**The problem:** Can you transcribe the data exactly? Leave the pictures out.

== Raw data ==

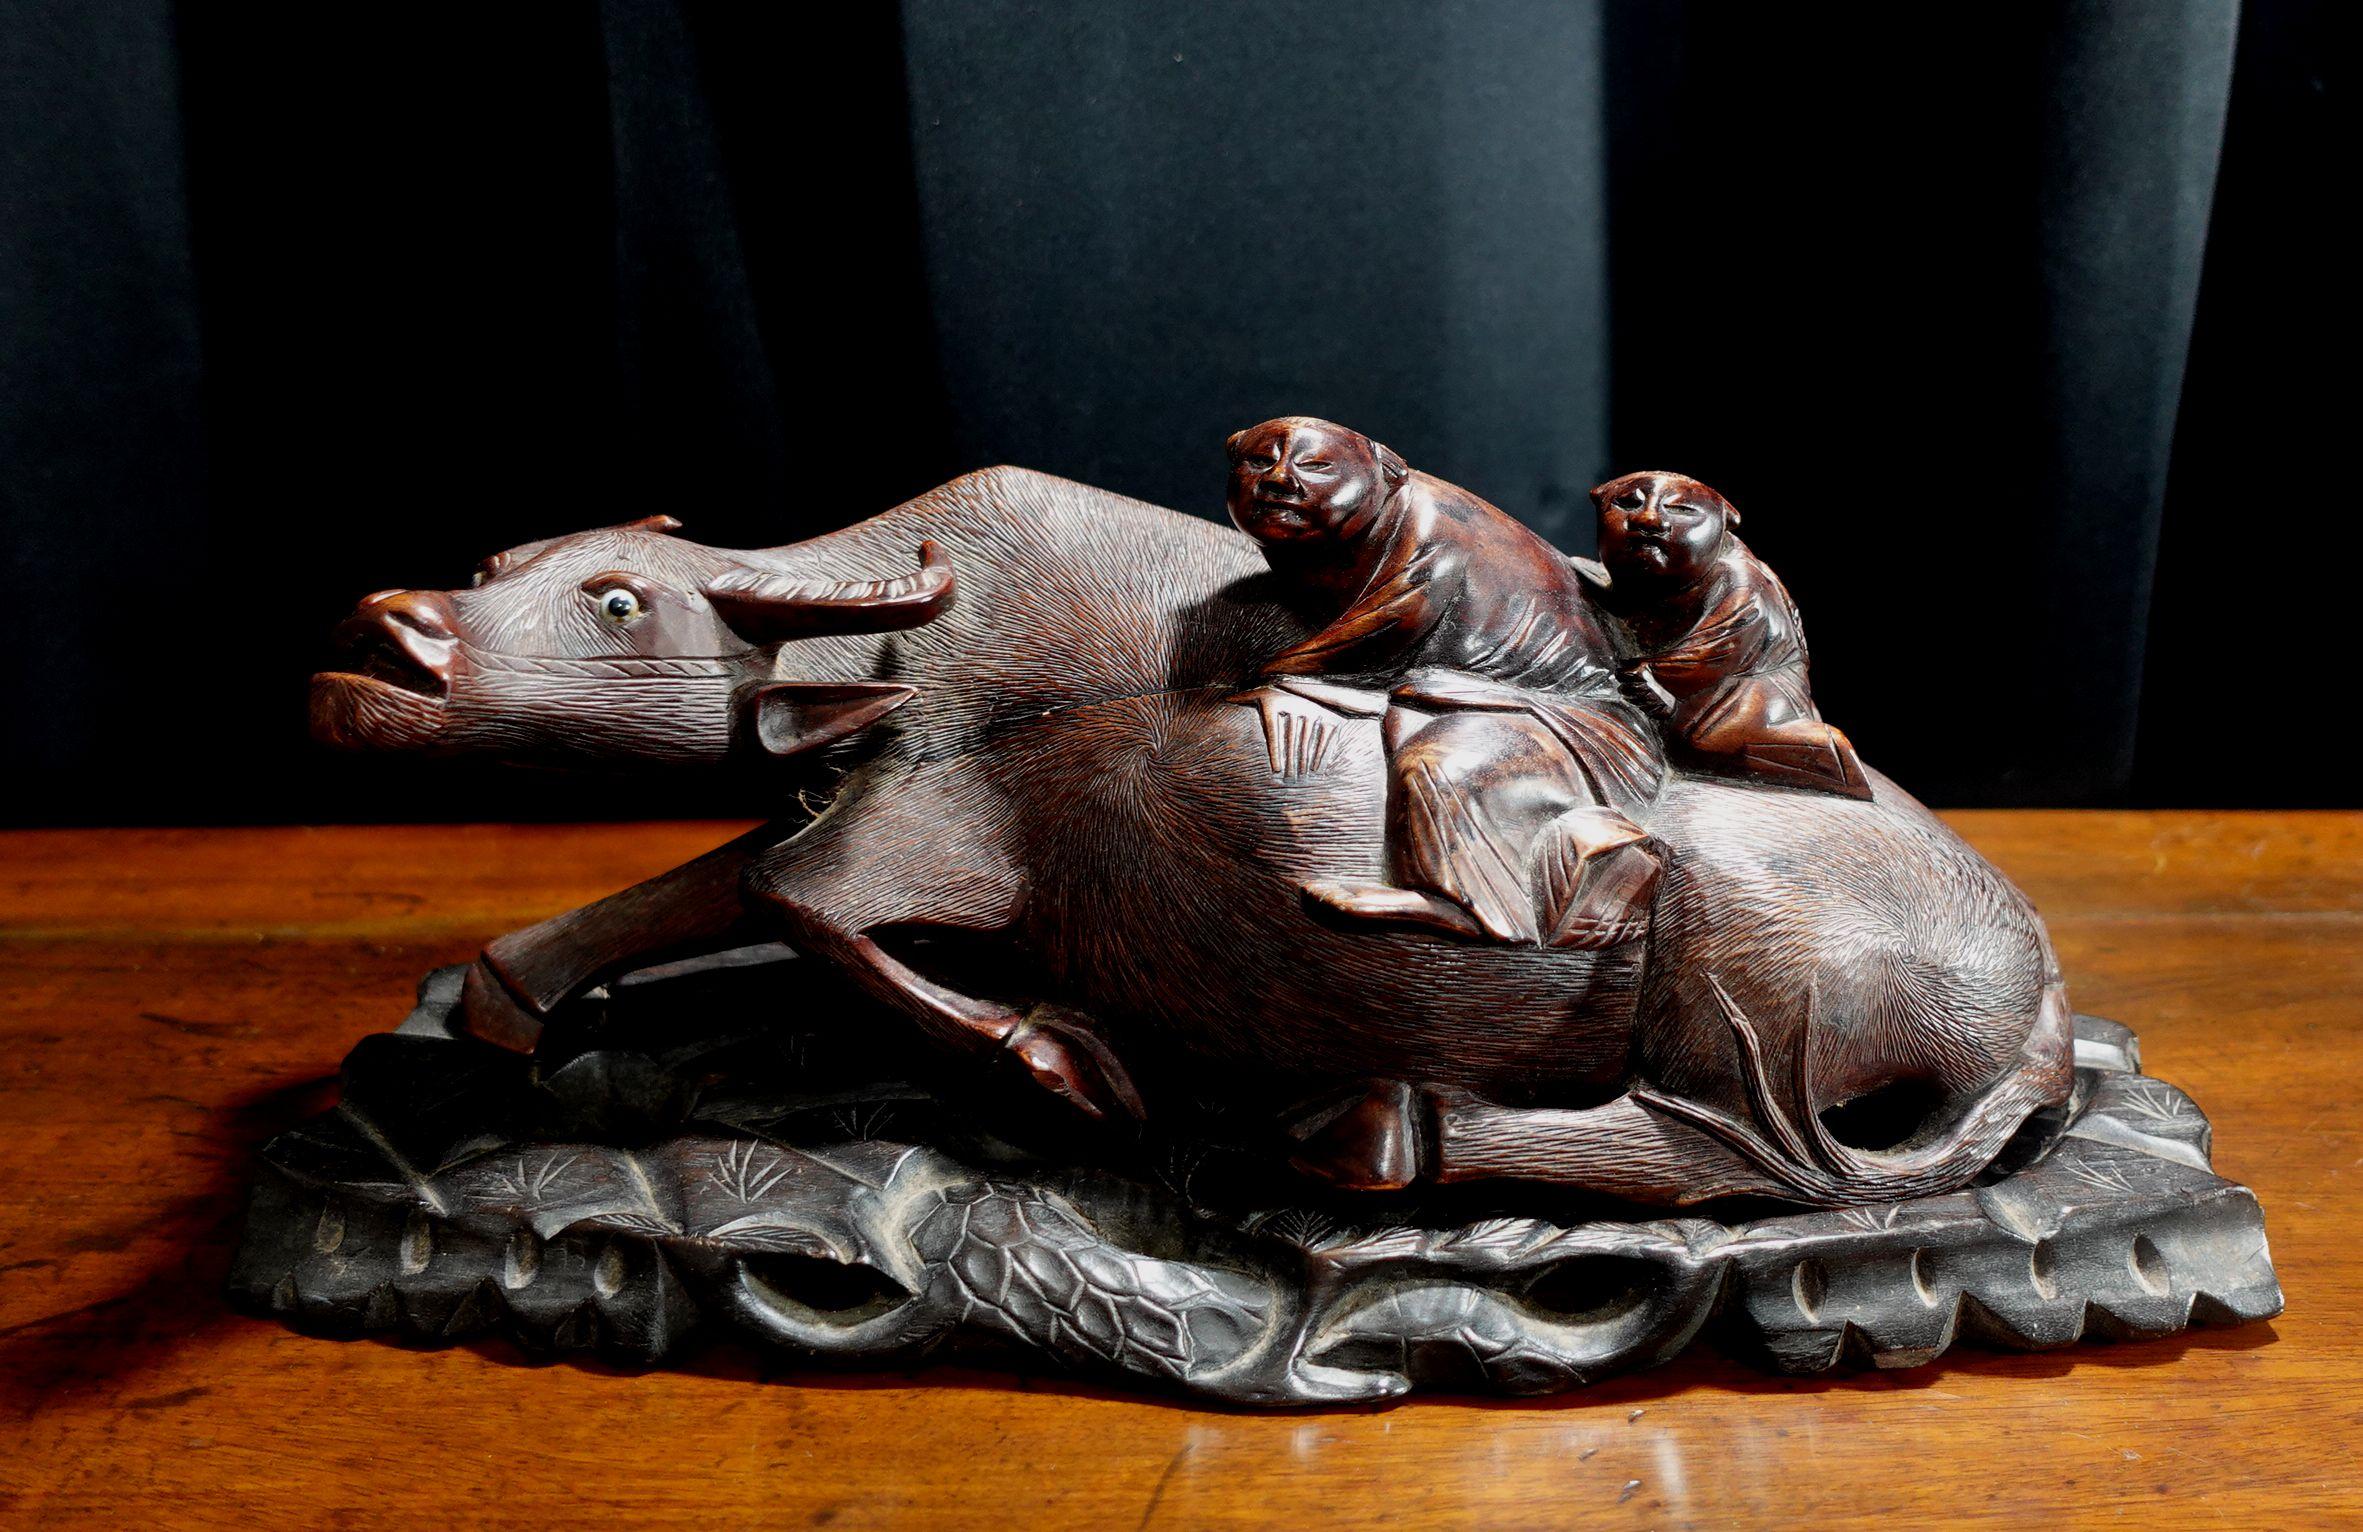 A hand-carved of hardwood, water buffalo, and boys from Japan, depicting two boys seating on the Buffalo back.
The intricated carved on the body of the buffalo presents countless hair, supper quality. The fitted base is also made from hardwood in a
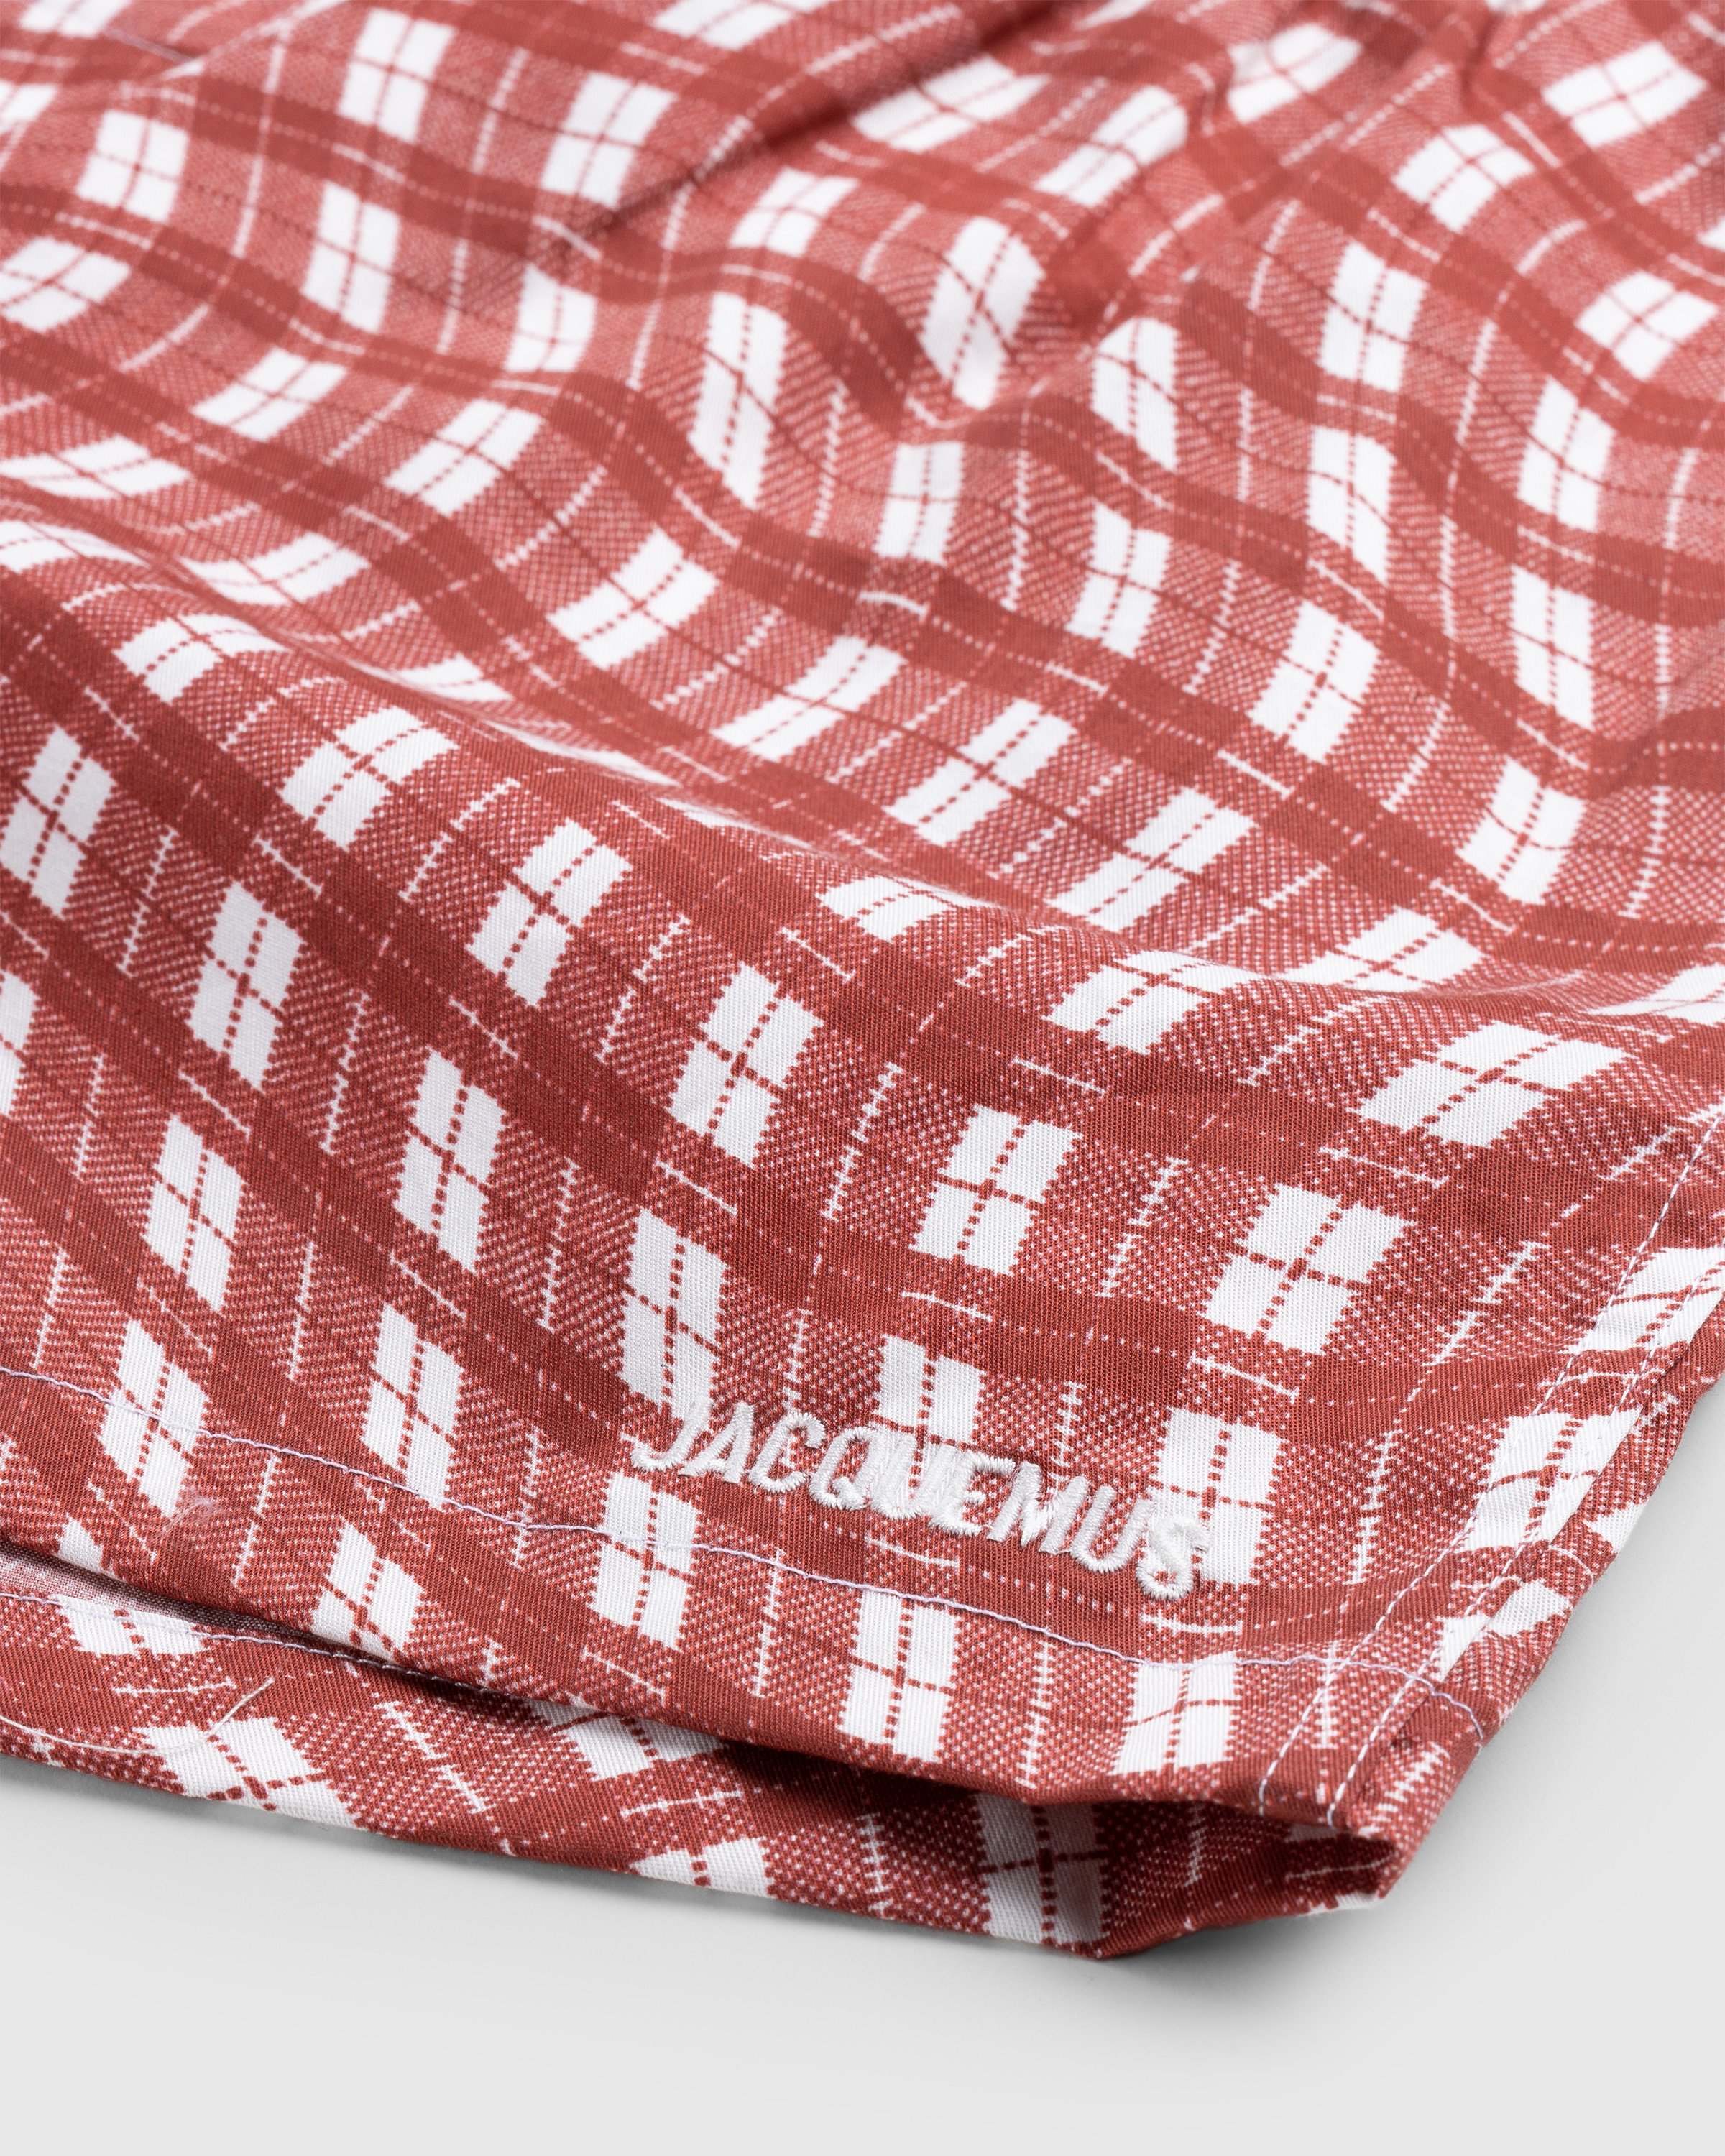 JACQUEMUS - Le Caleçon Print Dark Red Deformed Check - Clothing - Red - Image 4

===

**Exercise solution:**
 A hand-carved of hardwood, water buffalo, and boys from Japan, depicting two boys seating on the Buffalo back.
The intricated carved on the body of the buffalo presents countless hair, supper quality. The fitted base is also made from hardwood in a
 JACQUEMUS - Le Caleçon Print Dark Red Deformed Check - Clothing - Red - Image 4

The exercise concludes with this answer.